## What the task requires
The reply is to contain the full listing, repeated exactly, with pictures left out.

━━━━━ Input data ━━━━━

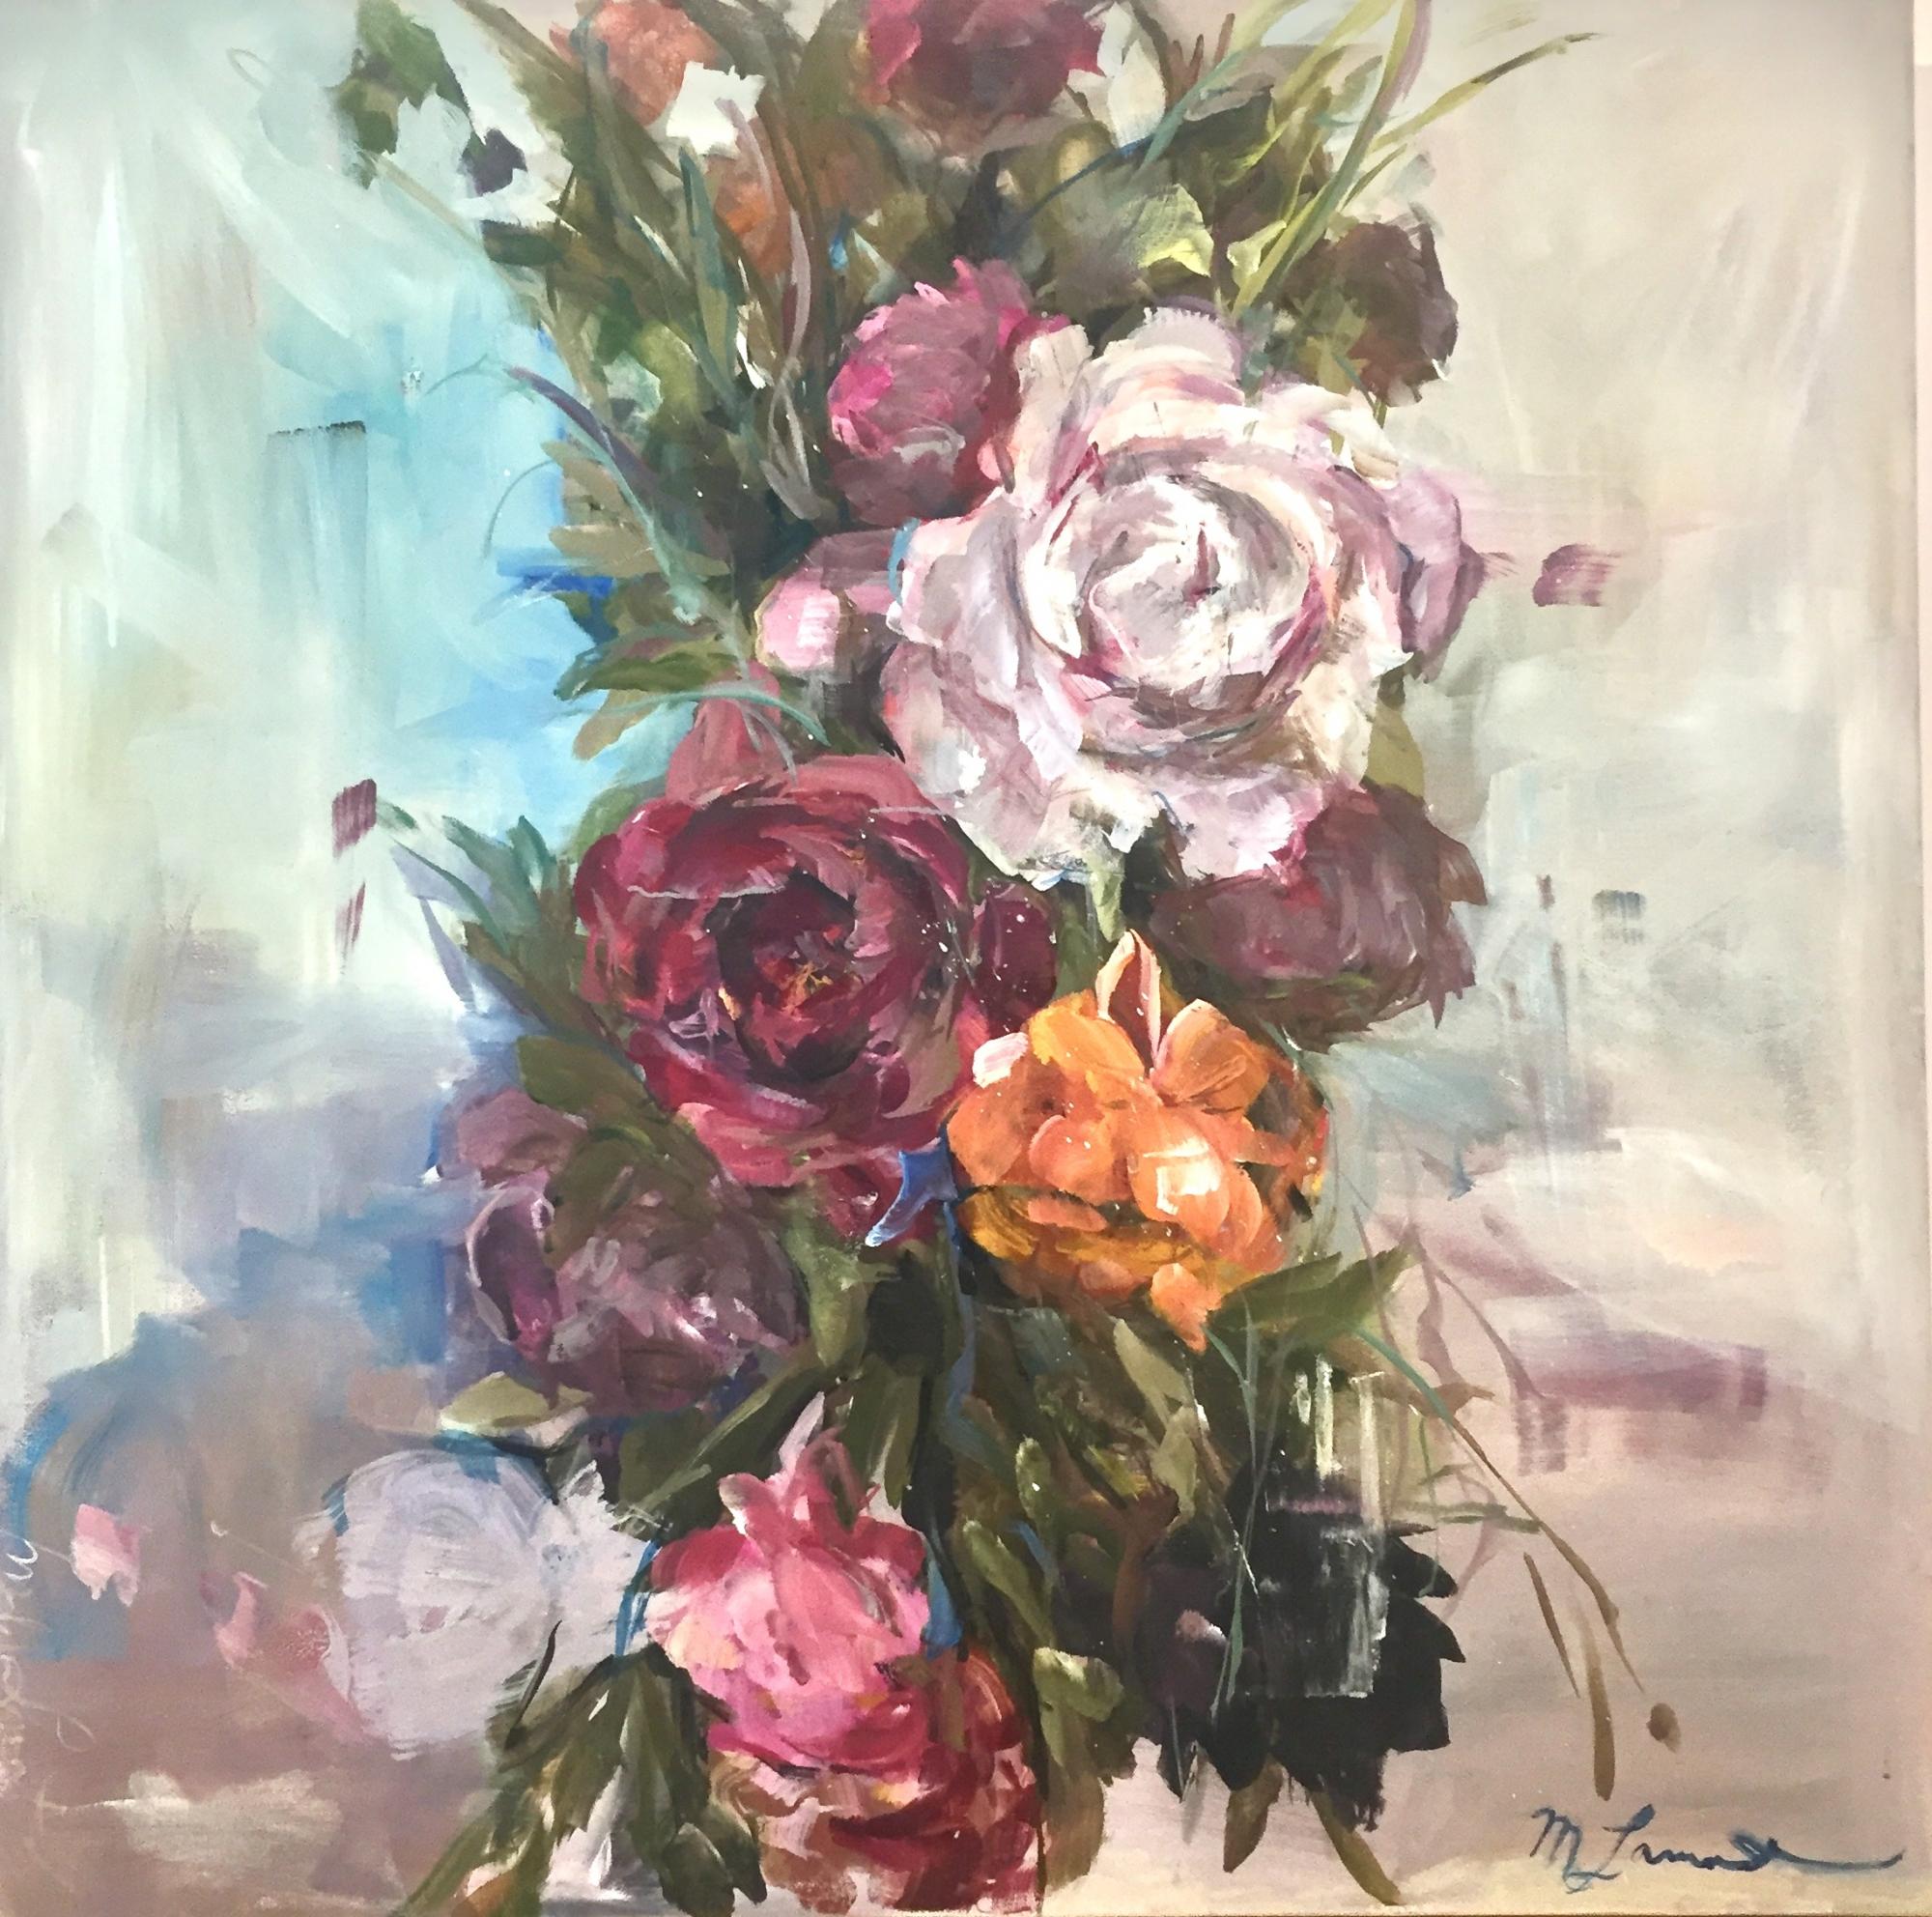 Grey Garland 2 by Madeleine Lamont
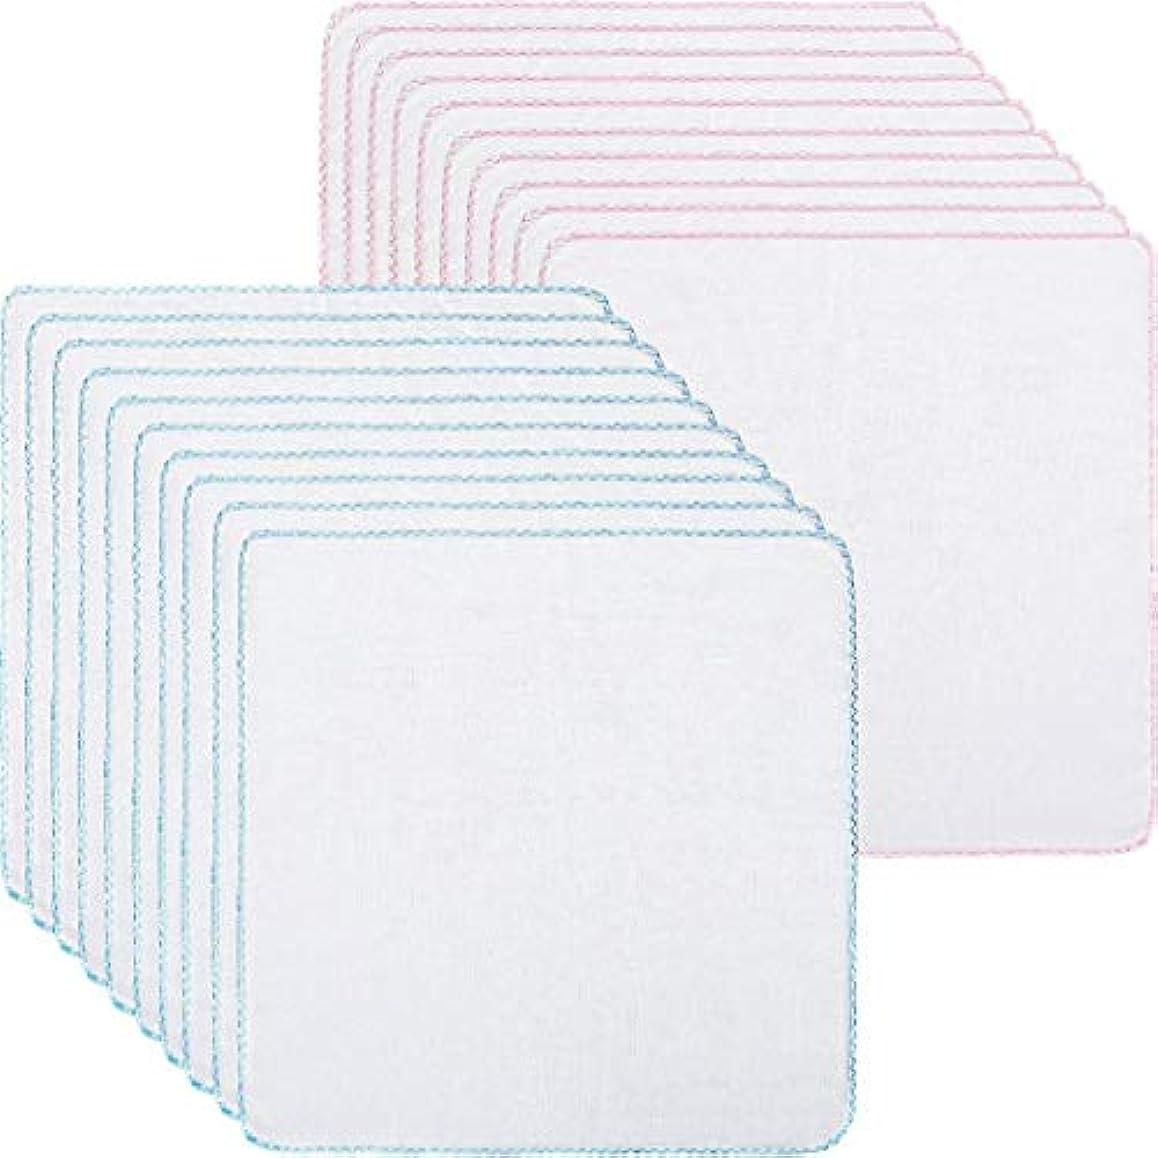 最少開梱有害Quzama-JS 実用的な20ピースピュアコットンフェイシャルクレンジングmuslinクロスソフトフェイシャルクレンジングメイクリムーバー布、青とピンク
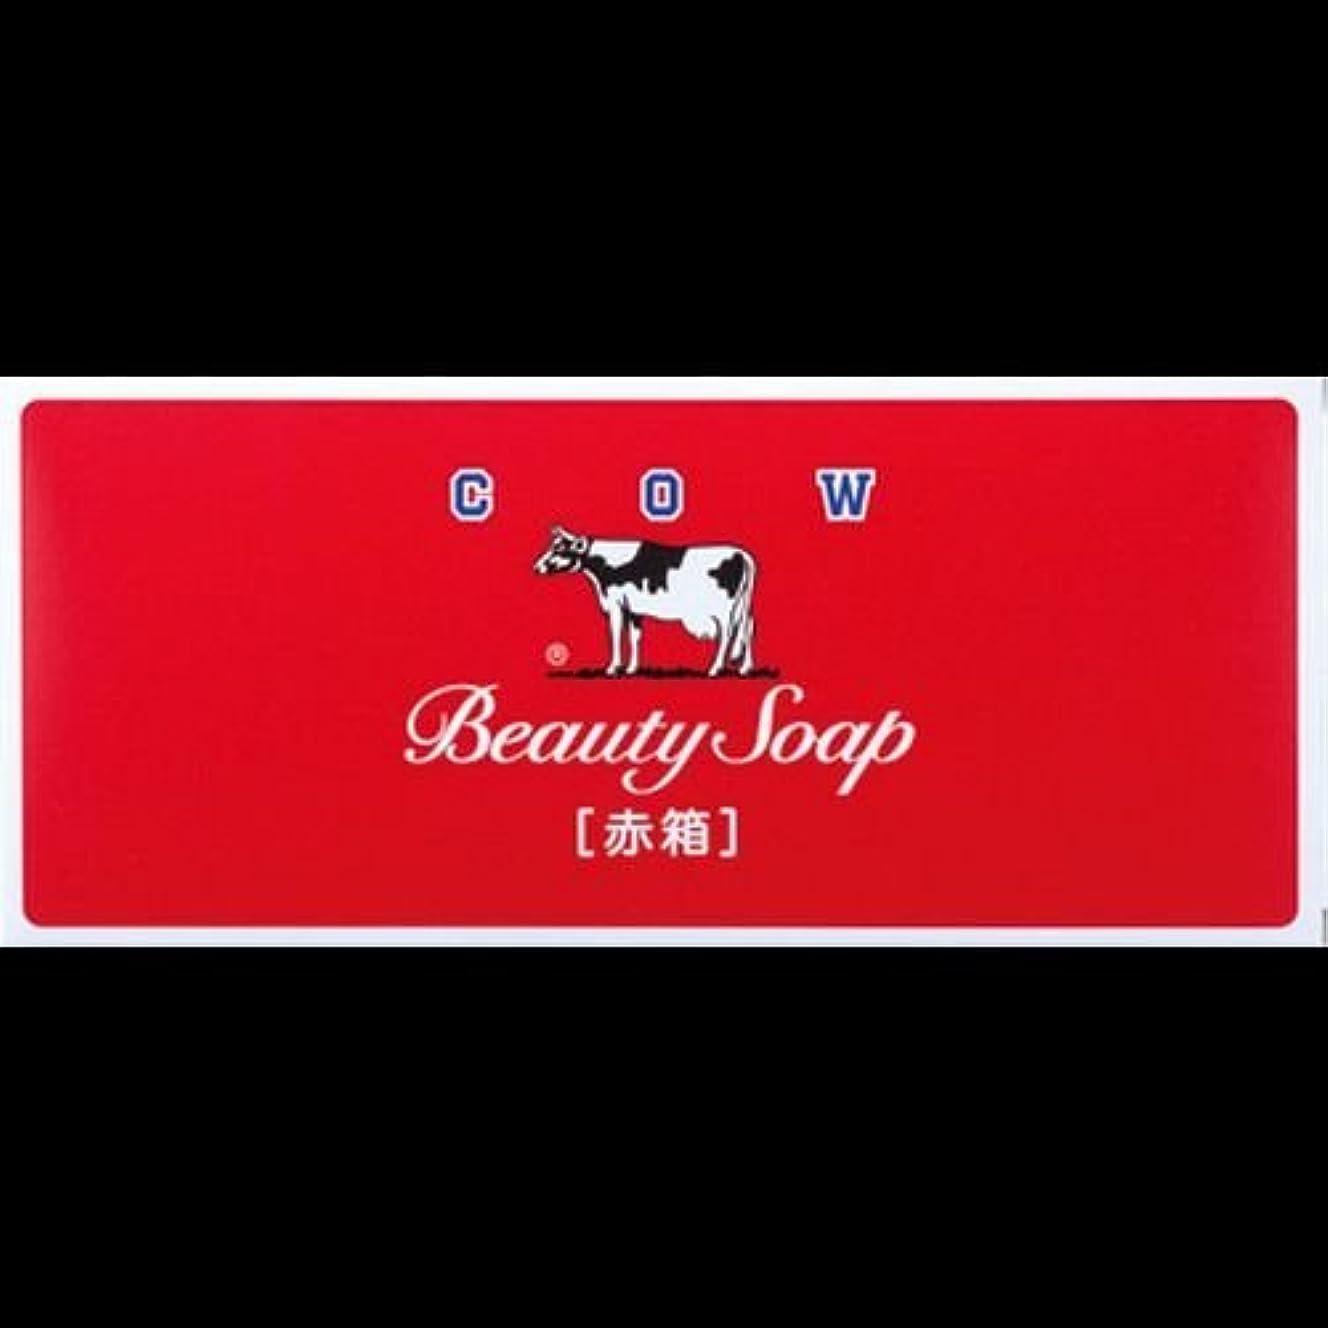 ボウルクリップ運命【まとめ買い】カウブランド石鹸 赤箱100g*6個 ×2セット

━━━━━

## Answer to this task
 Grey Garland 2 by Madeleine Lamont
 最少開梱有害Quzama-JS 実用的な20ピースピュアコットンフェイシャルクレンジングmuslinクロスソフトフェイシャルクレンジングメイクリムーバー布、青とピンク
 ボウルクリップ運命【まとめ買い】カウブランド石鹸 赤箱100g*6個 ×2セット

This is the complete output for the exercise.